##### INFORMATION PROVIDED #####
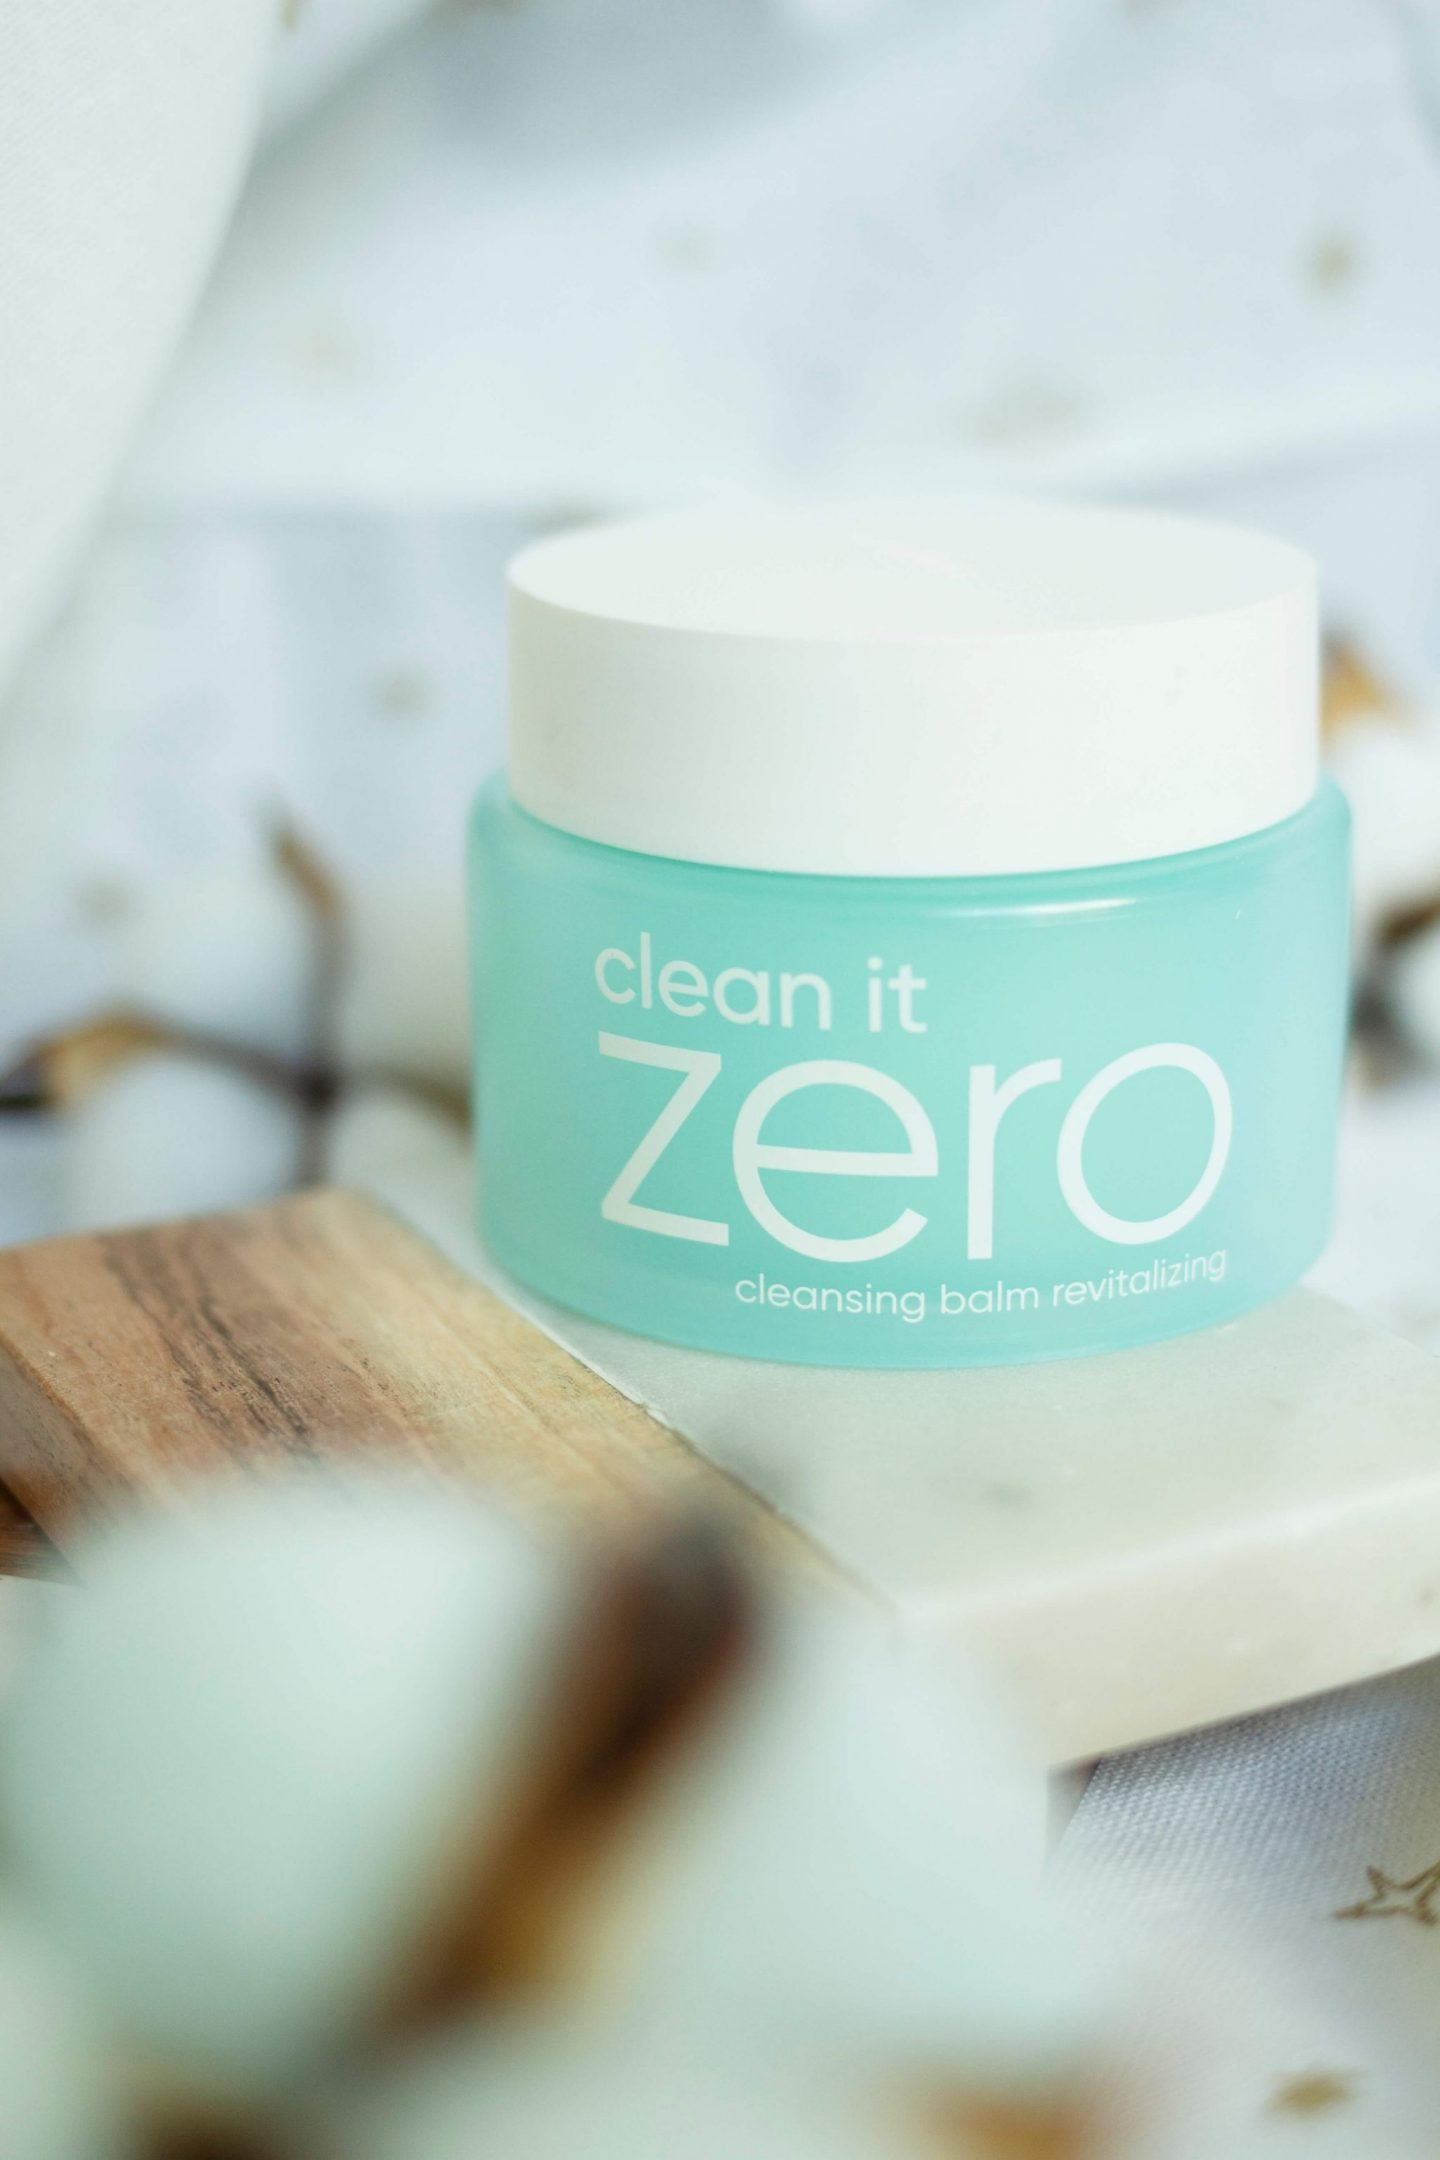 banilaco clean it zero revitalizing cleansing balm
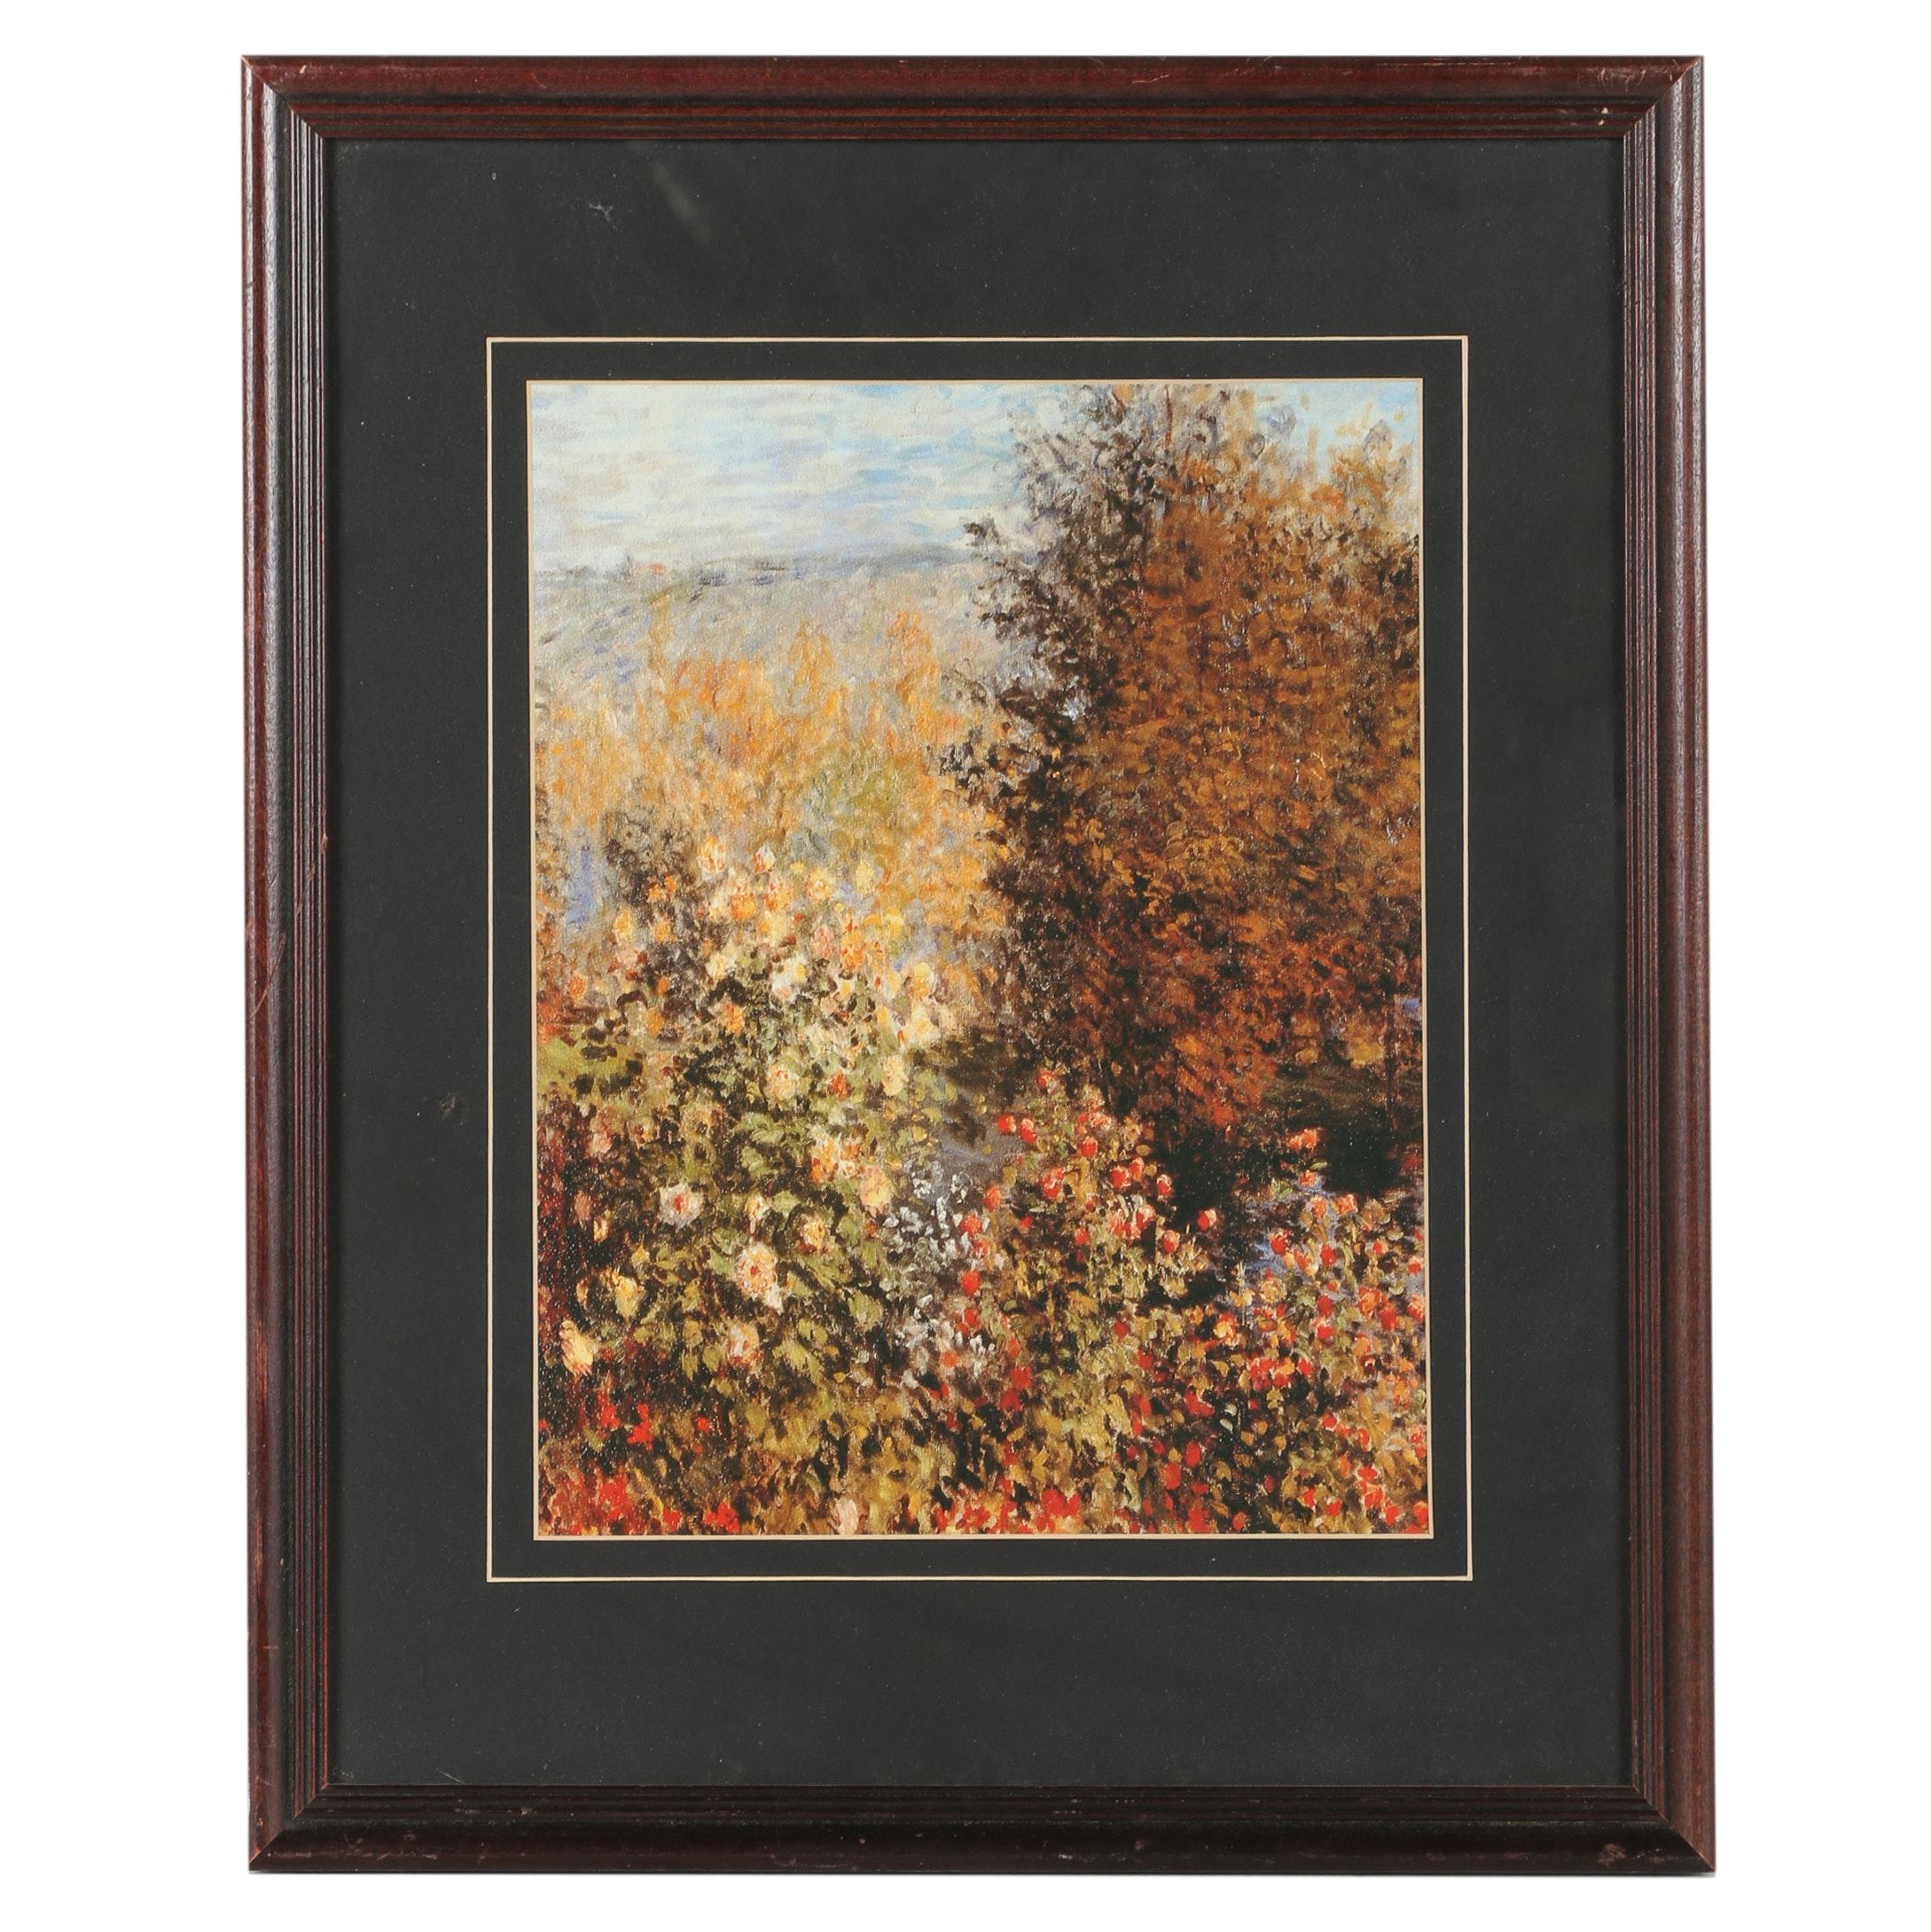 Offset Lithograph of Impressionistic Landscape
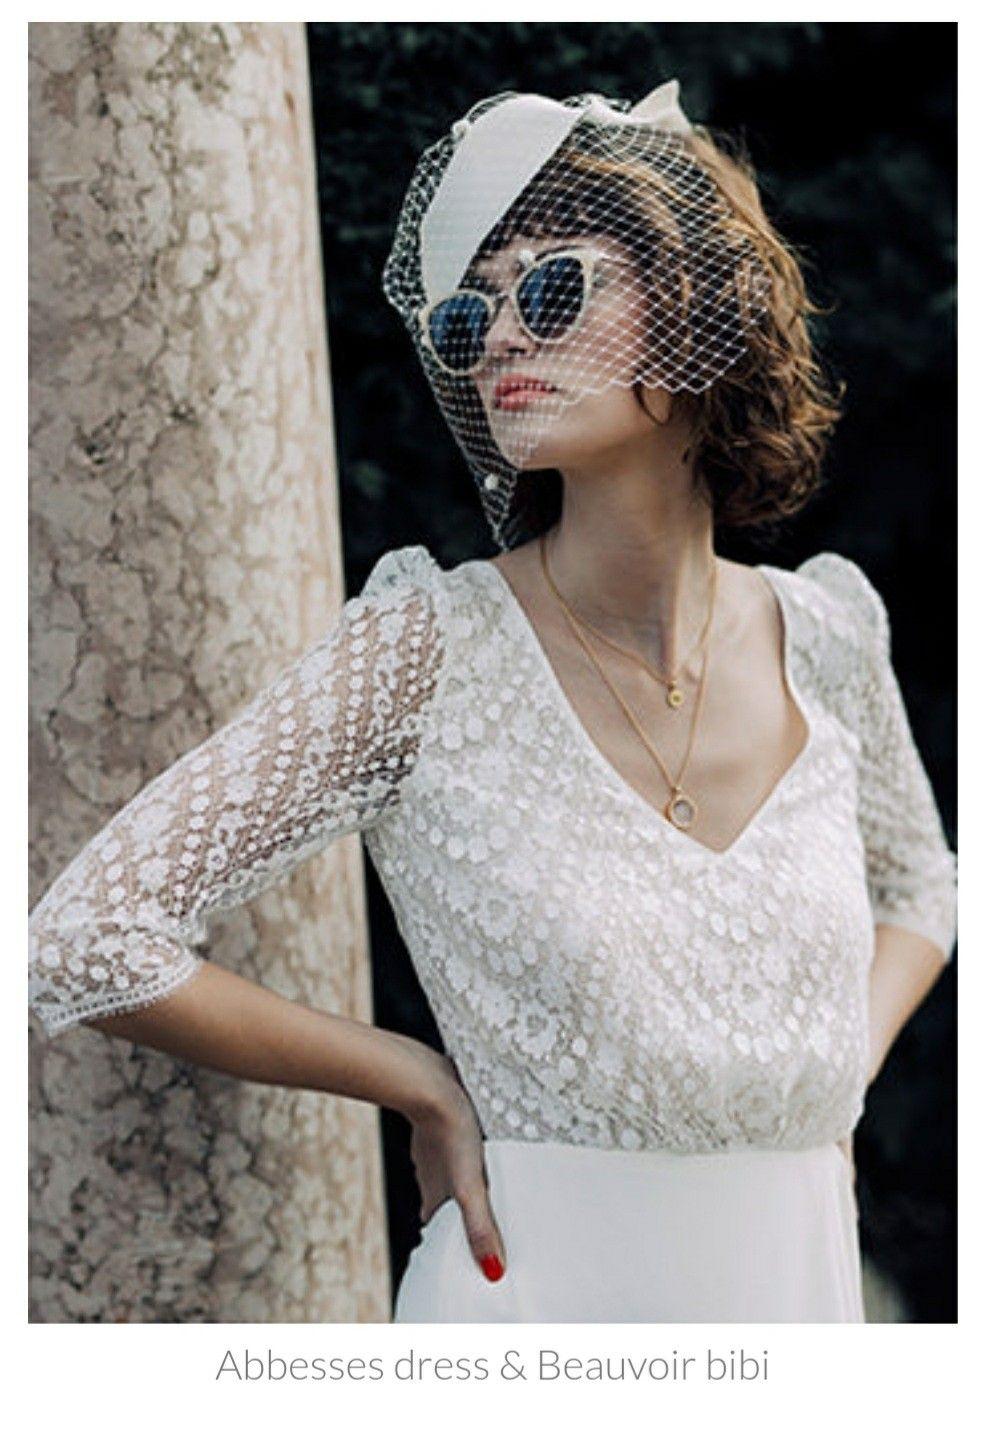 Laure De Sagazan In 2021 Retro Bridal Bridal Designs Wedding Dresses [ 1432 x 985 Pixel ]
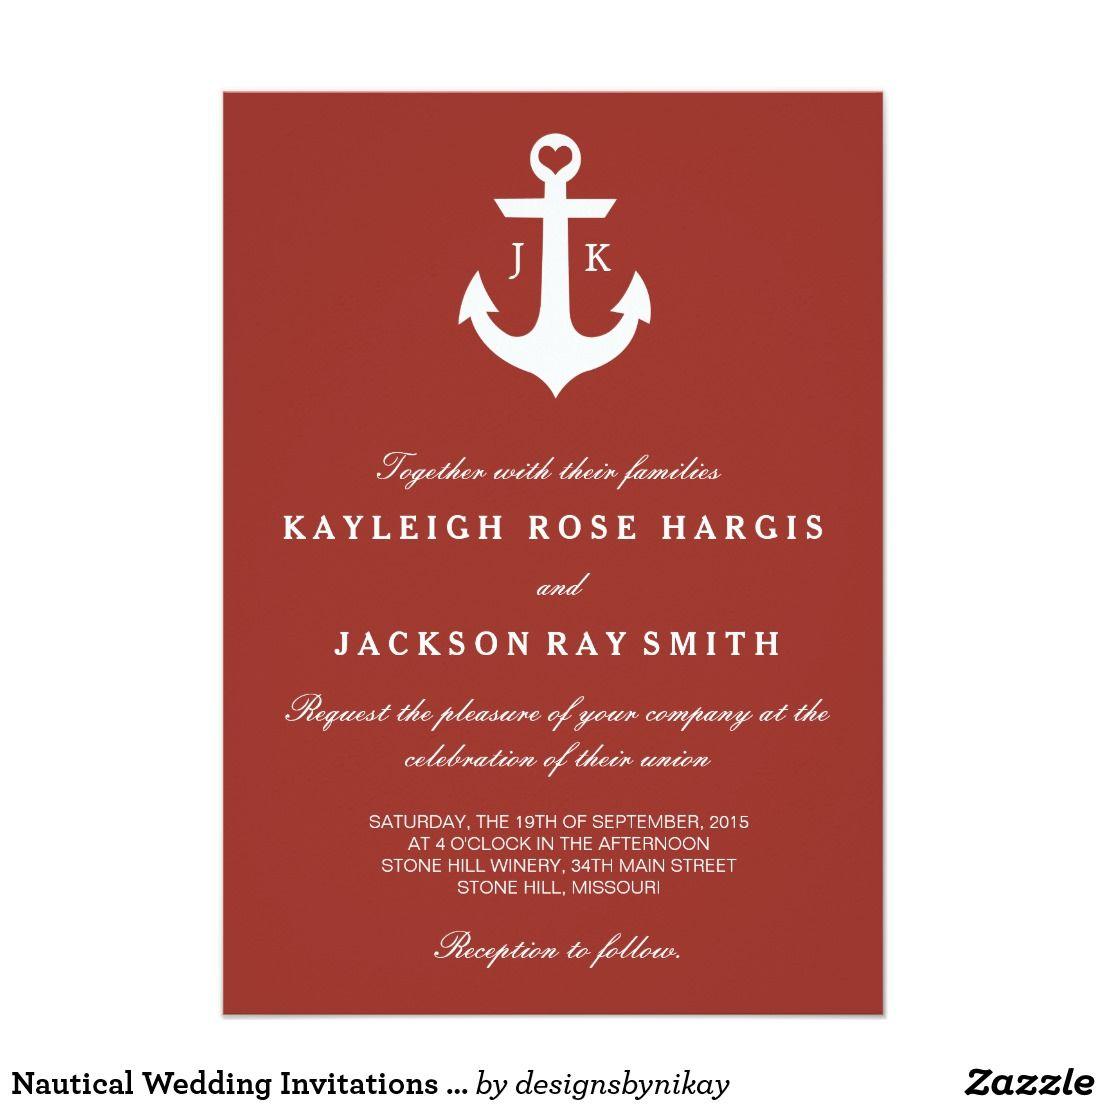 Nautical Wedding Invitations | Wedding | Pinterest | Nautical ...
#####
WHAT YOU SHOULD DO: Retype the listing exactly. Skip every picture.

RESULT OF THE TASK:
 banilaco clean it zero revitalizing cleansing balm
 Offset Lithograph of Impressionistic Landscape
 Laure De Sagazan In 2021 Retro Bridal Bridal Designs Wedding Dresses [ 1432 x 985 Pixel ]
 Nautical Wedding Invitations | Wedding | Pinterest | Nautical ...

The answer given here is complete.